Ladies, are there any of you like this: 

http://www.psychologytoday.com/blog/shameless-woman/201010/do-you-understand-female-sexual-desire

My wife is like this and even though we have been married for over 40 years, I want to learn. So if any of you are like this, let me know. I have some questions for you.


----------



## gettingout (Jan 15, 2013)

Ask away.....


----------



## EleGirl (Dec 3, 2011)

I suppose this is in reference to women who never has a sexual desire unless a man initiates sex.

Why does everything have to have a label these days?


I consider myself HD. But I do admit that if I'm doing something like the laundry my level of sexual desire is a bit low at that moment. If my man comes along with some well placed nibble and whispers in my ear my level of desire will defiately respond immediately. I think that all people have some level of "responsive desire".


----------



## *LittleDeer* (Apr 19, 2012)

I am HD but yes have responsive desire.
I think that some men do but a lot of women do.

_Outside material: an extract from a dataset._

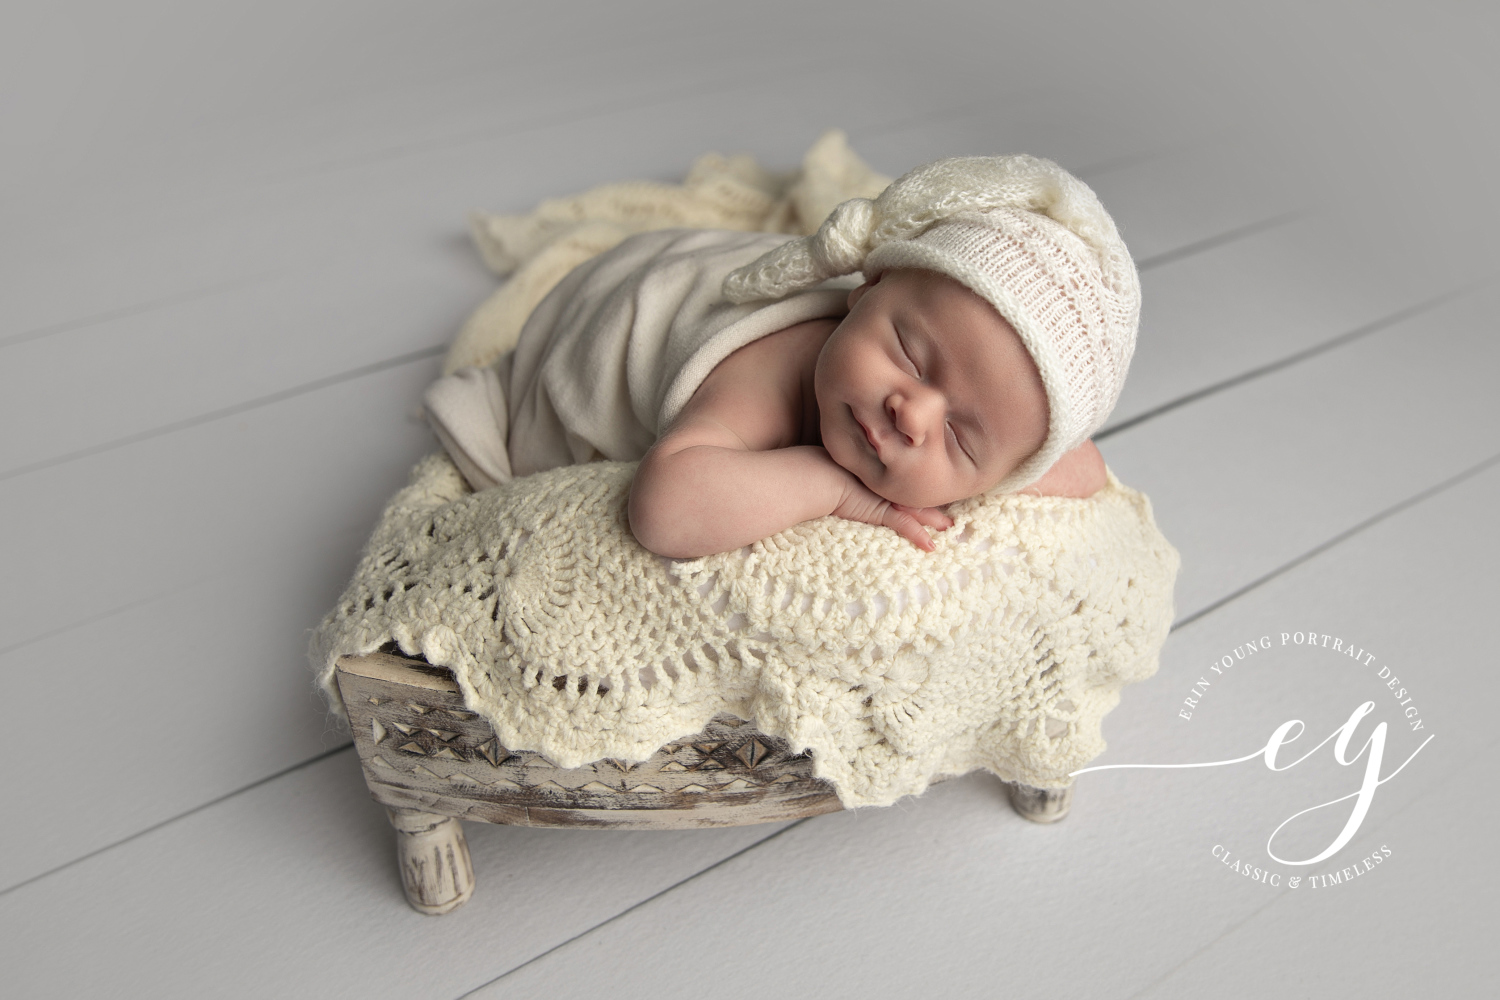 erin-young-portrait-design-maternity--newborns-BU32E3NMR244.jpg
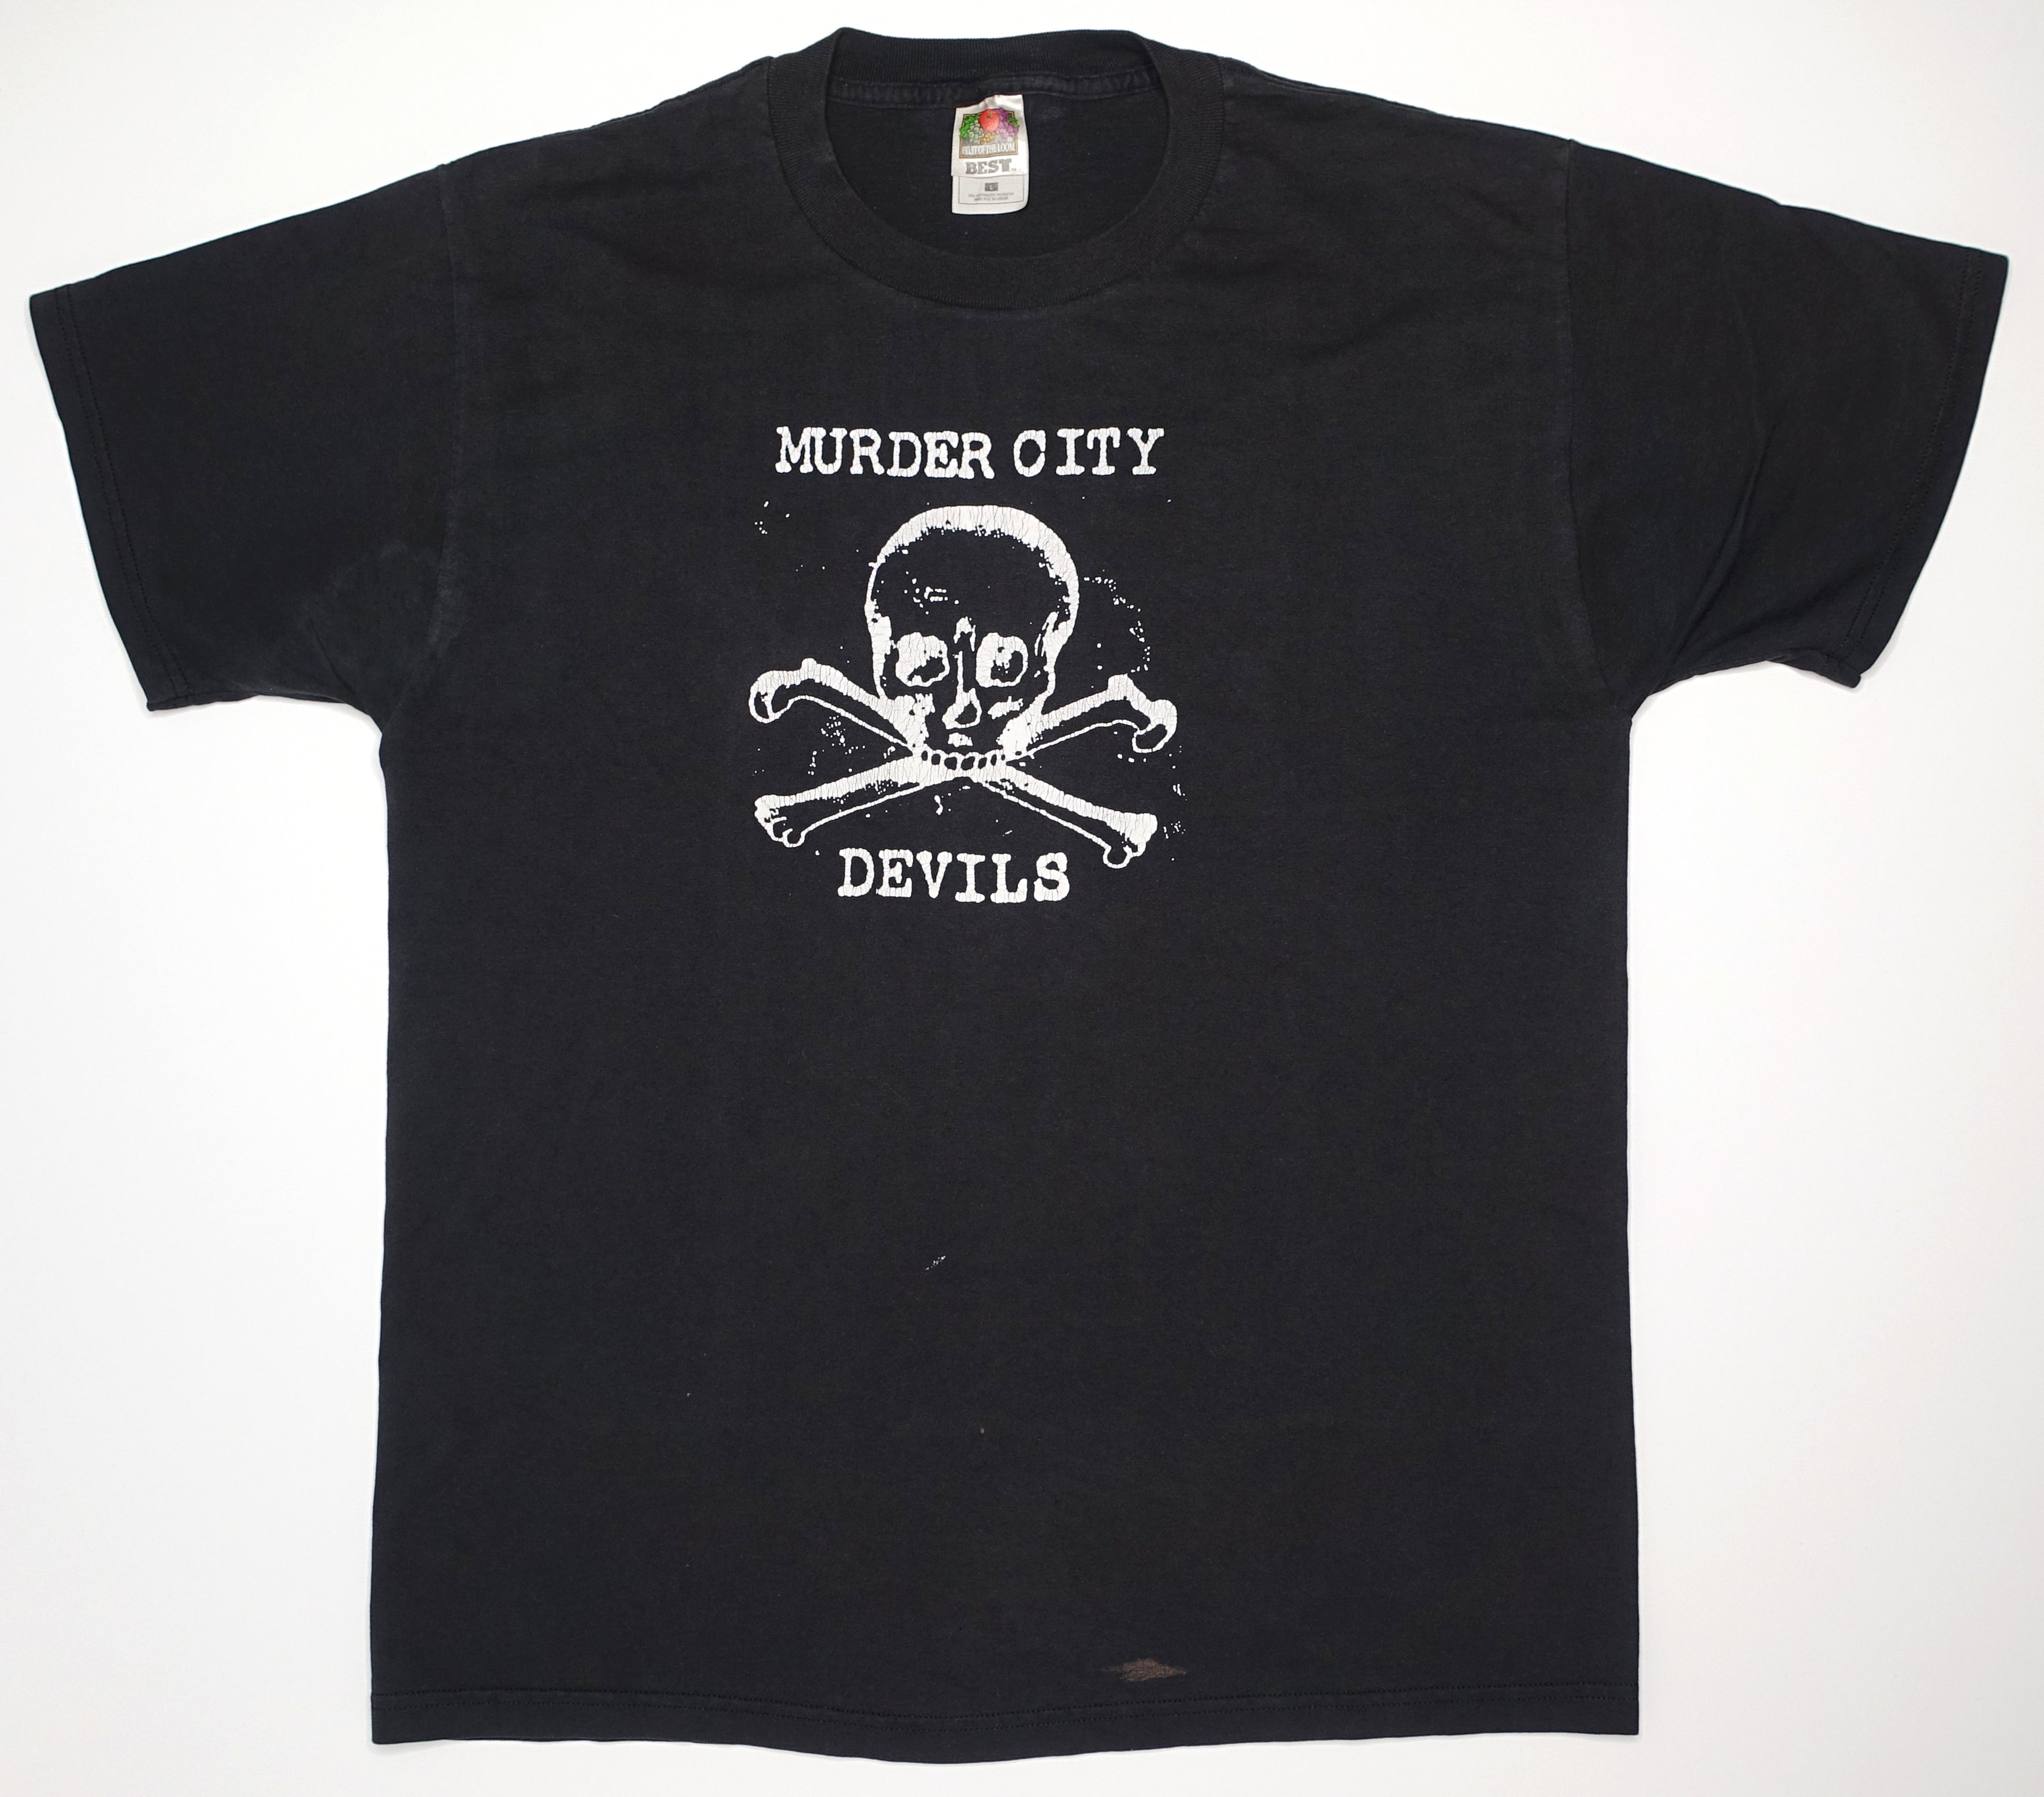 Murder City Devils ‎– Dancehall Music Skull And Cross Bones Black Shirt Size Large

For me it's about paying attention. Act like we just met, notice my hair, eyes, what I'm wearing and flirt with me, a lot. 
Give genuine compliments and for me a man taking charge turns me on.
_Posted via Mobile Device_


----------



## romantic_guy (Nov 8, 2011)

Before the questions, a little background. I think that I am a good mix of Alpha and beta, although I do tend to be more beta. my love languages are quality time and ohysical touch so I am the affectionate one in our relationship. Her love languages are acts of servie and words of affirmation. I think I do a pretty good job at speaking her love language (housework, cleaning off her car in the morning, making her breakfast, etc.). Last night we had sex and her orgasm seemed to last forever...WOW!!

Ok, so here are some questions:

It seems to me that someone who had such awesome orgasms would want it more often. Is that true with you?
How often do you think about sex and initiate?
Would you prefer your SO to initiate most of the time?
Would you tell me, "who cares who initiates as long as you are getting some!"?

I realize that everyone is different. I have tried to get. Her interested in this site as well as other blogs to no avail. 

The aforementioned article in the link has helped me to realize that my wife is not all that unusual. Thanks for your input! Like I said, even after 40 years there is still much I can learn.


----------



## justforfun1222 (Feb 6, 2013)

There are so many things that drive a woman's sexual desires. When I was in my 20's I thought about it constantly, wanted it all the time, no romance was really needed, just loved the way it made me feel. That part slowed down a little in my 30's but still pretty strong, however timing with kids at home made it difficult in those years so I did not get to enjoy it as often. Now that I have gotten into my 40's I think about it a lot still, however, body image and hormone levels as you age make it harder for you to "Want it" the same way. I have days where I feel unattractive, and when you feel that way you do not want anyone else to look at you. I have found as I age that I also like more of the foreplay, not just sexual, like, romance, snuggling, spending time together in places that would naturally lead to later having sex. I have never been one to have a problem with orgasm.. I guess I have been really lucky in that regard. I am however not a response person (although I will respond if suggestions are made), I am the initiator most of the time with sex, and the other "foreplay" I mentioned, and sometimes that gets old, but regardless of who does the initiating of it, I am up for it most of the time. Make sure you let her know that she is beautiful to you everyday, not just on special occasions, that helps her esteem and when we feel pretty, we feel sexual, or at least I do. Anyway.. hope this helps.


----------



## romantic_guy (Nov 8, 2011)

justforfun1222 said:


> Make sure you let her know that she is beautiful to you everyday, not just on special occasions, that helps her esteem and when we feel pretty, we feel sexual, or at least I do. Anyway.. hope this helps.


Thanks for the reply!! OMG..she IS hot and I let her know all of the time! I have some pics of her and us on my profile page so you can see what I mean. Not all guys are attracted to petite 5'2" 112 lb women...but I sure am!


----------